Image Photo courtesy of the Laboratory of Neuro Imaging at UCLA.
Sometimes—as in the case of neuroscience—scientists and researchers seem to be saying several contradictory things at once. Yes, opposing claims can both be true, given different context and levels of description. But which is it, Neuroscientists? Do we have “neuroplasticity”—the ability to change our brains, and therefore our behavior? Or are we “hard-wired” to be a certain way by innate structures.
The debate long predates the field of neuroscience. It figured prominently in the work, for example, of John Locke and other early modern theorists of cognition—which is why Locke is best known as the theorist of tabula rasa. In “Some Thoughts Concerning Education,” Locke mostly denies that we are able to change much at all in adulthood.
Personality, he reasoned, is determined not by biology, but in the “cradle” by “little, almost insensible impressions on our tender infancies.” Such imprints “have very important and lasting consequences.” Sorry, parents. Not only did your kid get wait-listed for that elite preschool, but their future will also be determined by millions of sights and sounds that happened around them before they could walk.
It’s an extreme, and unscientific, contention, fascinating as it may be from a cultural standpoint. Now we have psychedelic-looking brain scans popping up in our news feeds all the time, promising to reveal the true origins of consciousness and personality. But the conclusions drawn from such research are tentative and often highly contested.
So what does science say about the eternally mysterious act of artistic creation? The abilities of artists have long seemed to us godlike, drawn from supernatural sources, or channeled from other dimensions. Many neuroscientists, you may not be surprised to hear, believe that such abilities reside in the brain. Moreover, some think that artists’ brains are superior to those of mediocre ability.
Or at least that artists’ brains have more gray and white matter than “right-brained” thinkers in the areas of “visual perception, spatial navigation and fine motor skills.” So writes Katherine Brooks in a Huffington Post summary of “Drawing on the right side of the brain: A voxel-based morphometry analysis of observational drawing.” The 2014 study, published at NeuroImage, involved a very small sampling of graduate students, 21 of whom were artists, 23 of whom were not.

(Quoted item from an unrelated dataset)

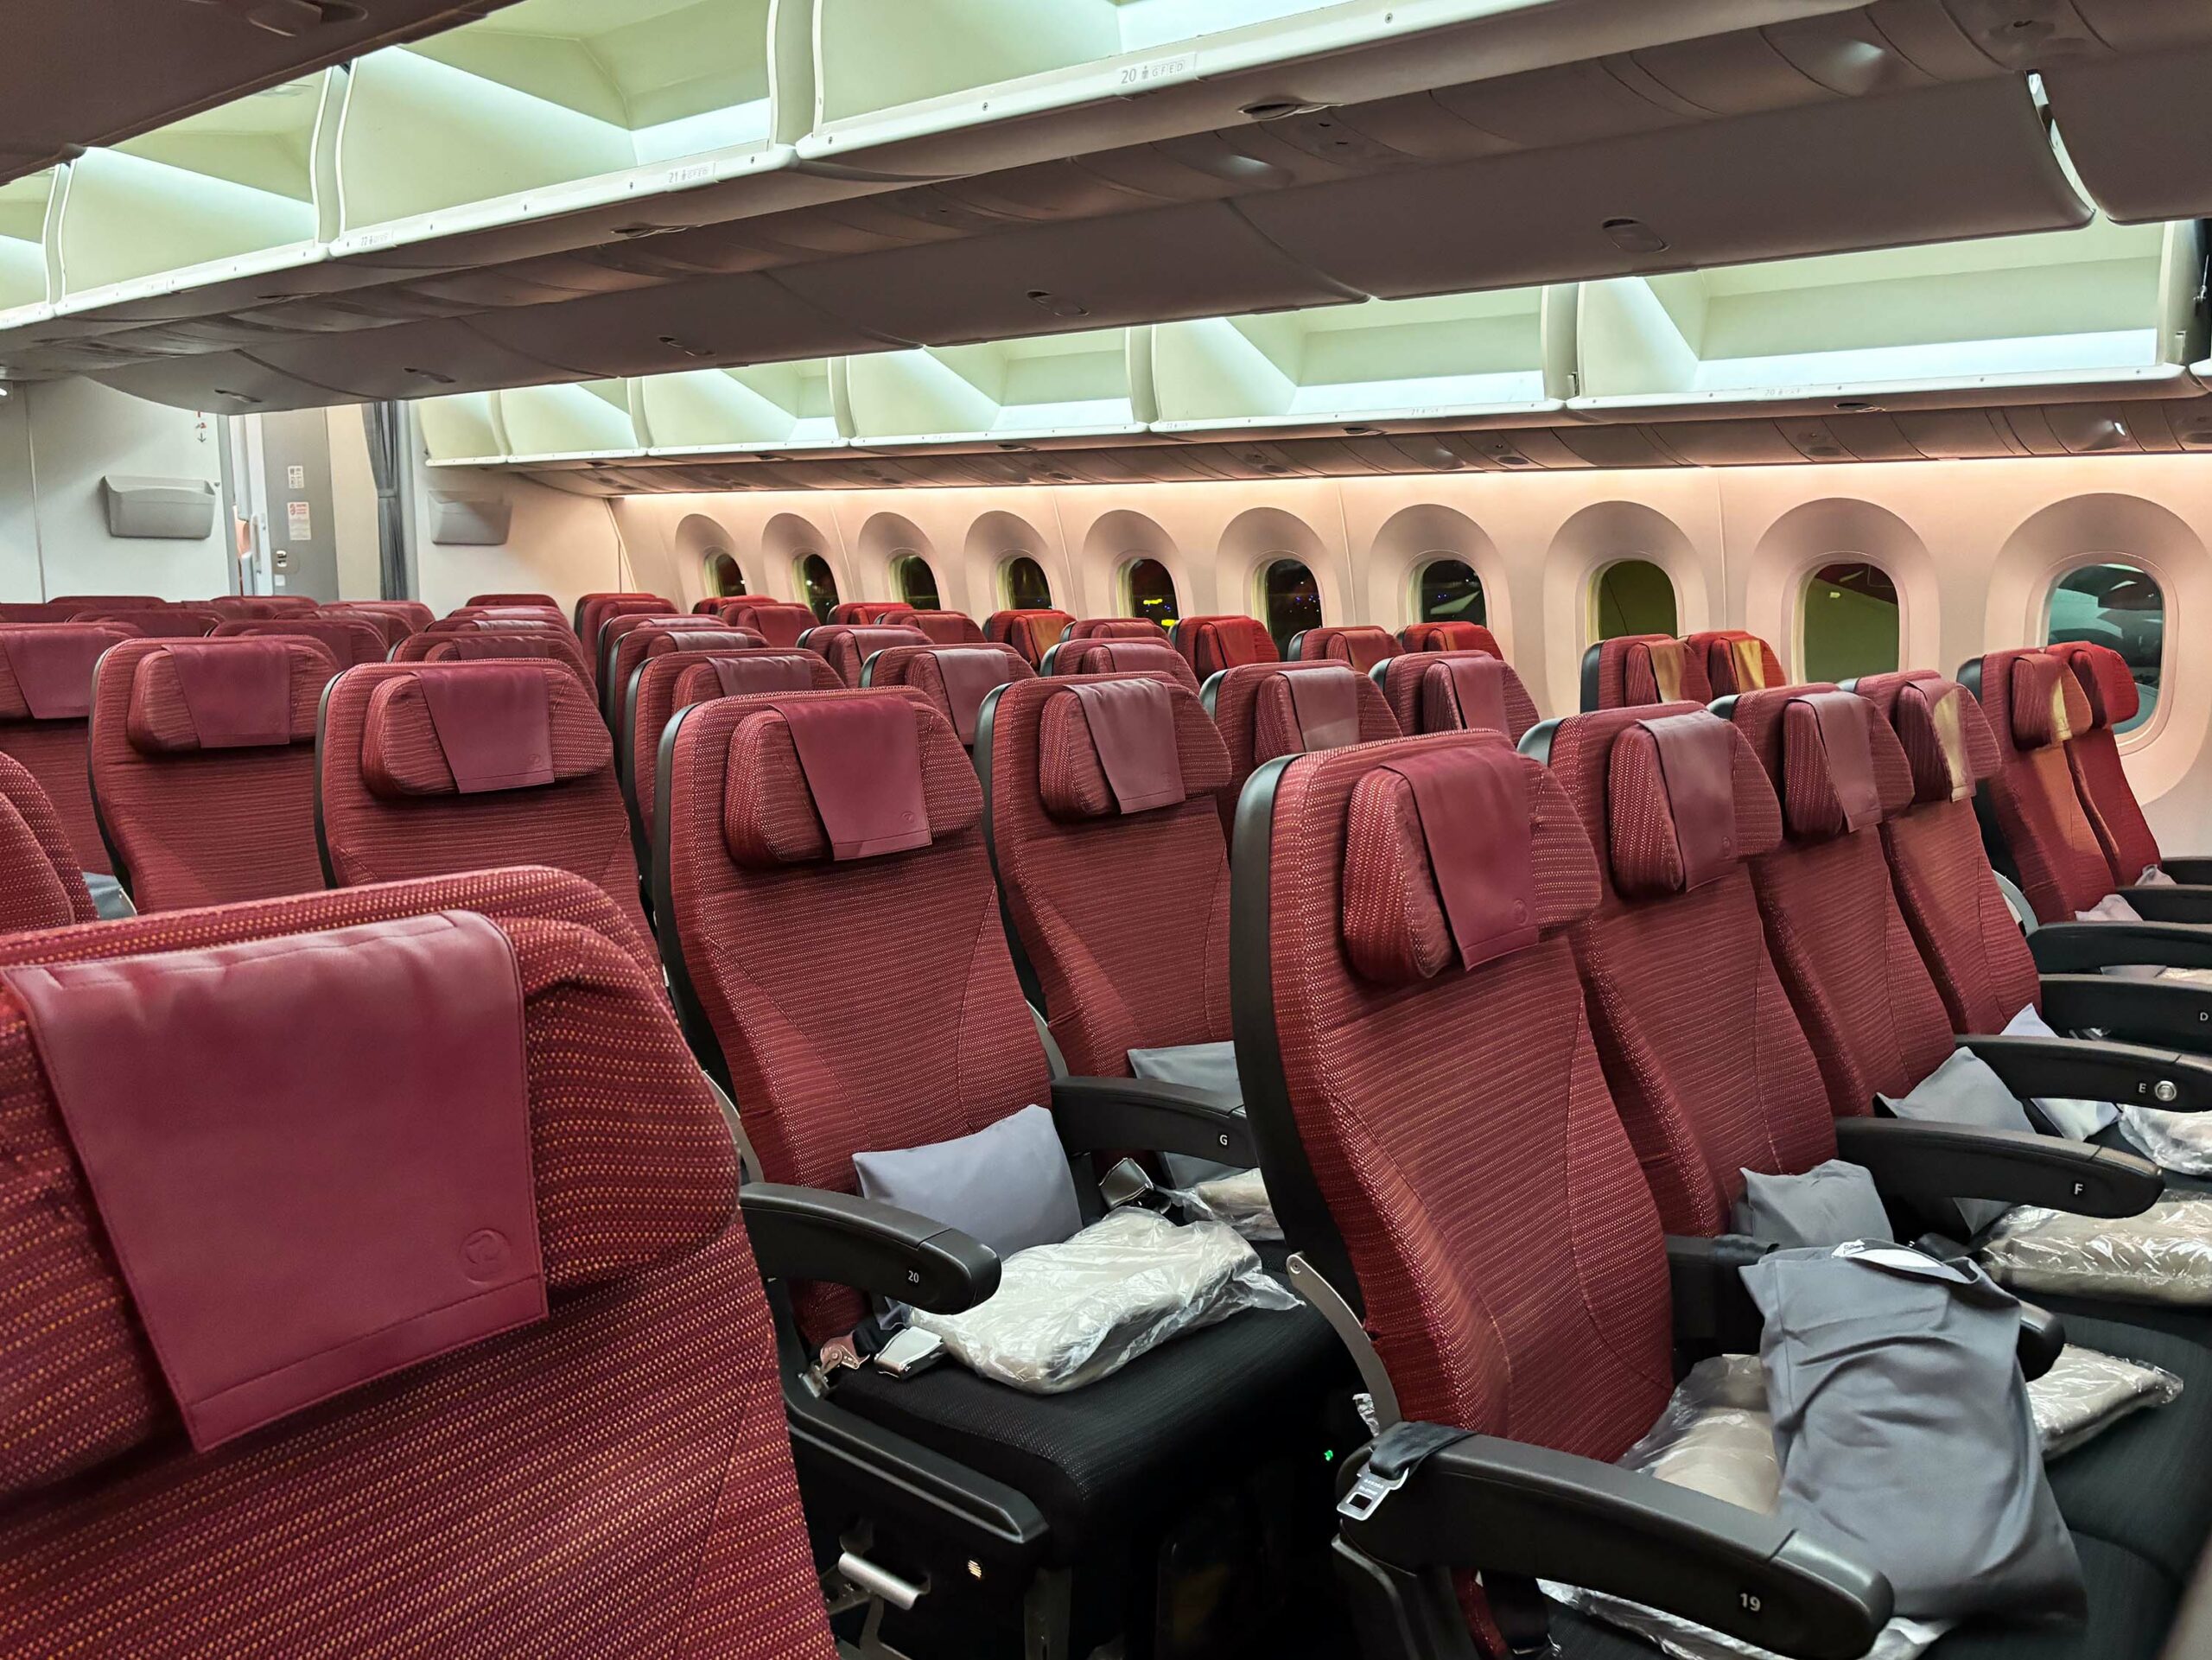 Review: Japan Airlines 787-8 Economy Class (NRT-CGK)

All 44 students were asked to complete drawing tasks, which were then scored and compared to images of their brain taken by a method called “voxel-based morphometry.”
“The people who are better at drawing really seem to have more developed structures in regions of the brain that control for fine motor performance and what we call procedural memory,” the study’s lead author, Rebecca Chamberlain of Belgium’s KU Leuven University, told the BBC. (Hear her segment on BBC Radio 4’s Inside Science here.) Does this mean, as Artnet News claims in their quick take, that “artists’ brains are more fully developed?”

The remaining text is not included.